Next, there was the Rochefort 8, the Jan Brady of this abbey’s beers. It was sweeter than Rochefort 6 but with less hop character. Nonetheless, there remained good balance between malt and hops.
Finally, there was the Rochefort 12, the showpiece of the series and the best of the bunch. This one smelled of cherries, and it had some earthy notes. It had rich caramel malt character with hops only providing some light, necessary bitterness. There was an evident warming sensation, but it was not overly heavy.
Of course, I’ll have you know we ultimately located the grounds of the abbey. In the near silence, it would have been great to enjoy a brew!
Our next stop along the road was Brasserie d’Orval. We couldn’t help but feel welcome immediately.
This place was actually quite the site to visit. Beyond just the beer, there is a museum on-site within the ruins of the original abbey. Of course, you’ll get a bit of beer education along the way.
Additionally, they make cheese that is available commercially and at their café. Of course, I had to visit the café and have a plain, old Orval. It had clean malt character and the larger hop character that was expected, and these characteristics were on further display in the fresh beer. There was the additional characteristic funk, of course.
I also tried the Orval “Veili” from their menu, which is described as Orval cellared for at least one year. Mine had been sitting since February of 2012. The beer was more yeasty and malty, almost like a more “traditional” abbey ale. In all honesty, the beer seemed to lose some of its more vibrant, distinct characteristics.
Last but not least, not in any way, was the Petit Orval or patersbier. This monks’ table beer, which was served from a keg, was less than 5% ABV and it smelled almost American in hop character. There was also an even more distinct hoppy taste than the original Orval. Basically, it came off as Belgian Pale Ale but with “traditional” hop character. Quite frankly, this would probably do well in the United States, but alas…

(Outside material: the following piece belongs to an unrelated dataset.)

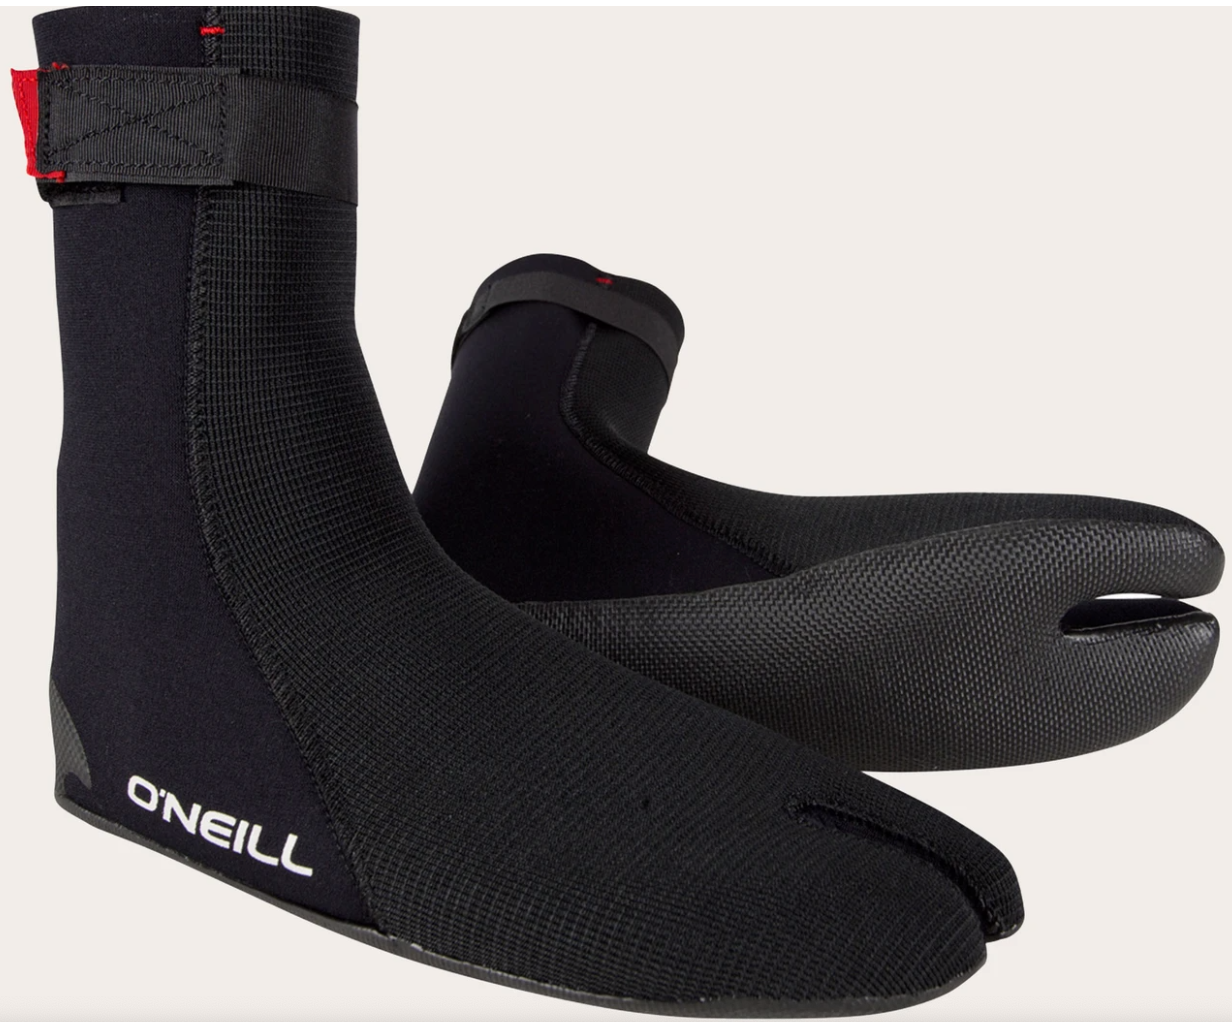 O'neill Ninja ST 3mm Boots | 2020

Our final stop of the Trappist tour was the Abbaye Notre Dame de Scourmont, or, the home of Chimay. After visiting the grounds, which were, quite frankly, the most beautiful, we made our way to the café where I helped myself to a rather generous sampling of the fine “house” beers.
I would note that Chimay’s café has a complete menu as opposed to the more limited offerings of Orval. Also, the most exciting part of my beer sampler was the Chimay Doree, which is Chimay’s patersbier. It’s unique because it is their only offering that is all malt. It is also spiced with coriander and curacao. It was a really good beer, at least as good as the Chimay Rouge or “Premiere,” i.e., “Chimay Red,” although I would note that this entry was also different fresh from the source. It had a bigger malt character with more caramel, and it even looked a little “red” in the sun.
The “Chimay White” a/k/a Chimay Blanche or “Cinq Cents” was excellent. It was a little hoppier than I expected “in person” and a little spicier. Of course, I must say I also particularly enjoyed the bottle service.
Of course, I could not leave out “Chimay Blue,” which is more appropriately, of course, Chimay “Grande Reserve.” The beer honestly had a greater natural spice character with bigger fig and prune-type notes.
If you are ever in the neighborhood, I would suggest you stop by and maybe even stay the night as they do have an inn. Of course, don’t forget to bring the kids.
Because we could not make it to all of the great breweries of Belgium in person, I made it a point to seek out a bottle shop. At de Bier Tempel in Brussels, I was able to find a few things to bring back with me.
From this fine establishment, I was able to procure a few beers from Brouwerij der Sint-Benedictusabdij de Achelse Kluis or, more simply put, Achel. First, there was the Achel 8 Blonde. This beer had a really pronounced phenolic character and some antiseptic notes on the nose. However, there was a distinctly sweet malt taste with a drying finish. Always present was great Belgian yeast throughout. I also procured a bottle of the Achel 8 Bruin. This beer had really impressive layered hop, malt, and yeast character in both the aroma and flavor. It was similar to the Blonde, but better.
I also may have had another stowaway or two that made their way back to the States. Alas, that may be another story (or two) for another day… also, we eventually had to make our way to France.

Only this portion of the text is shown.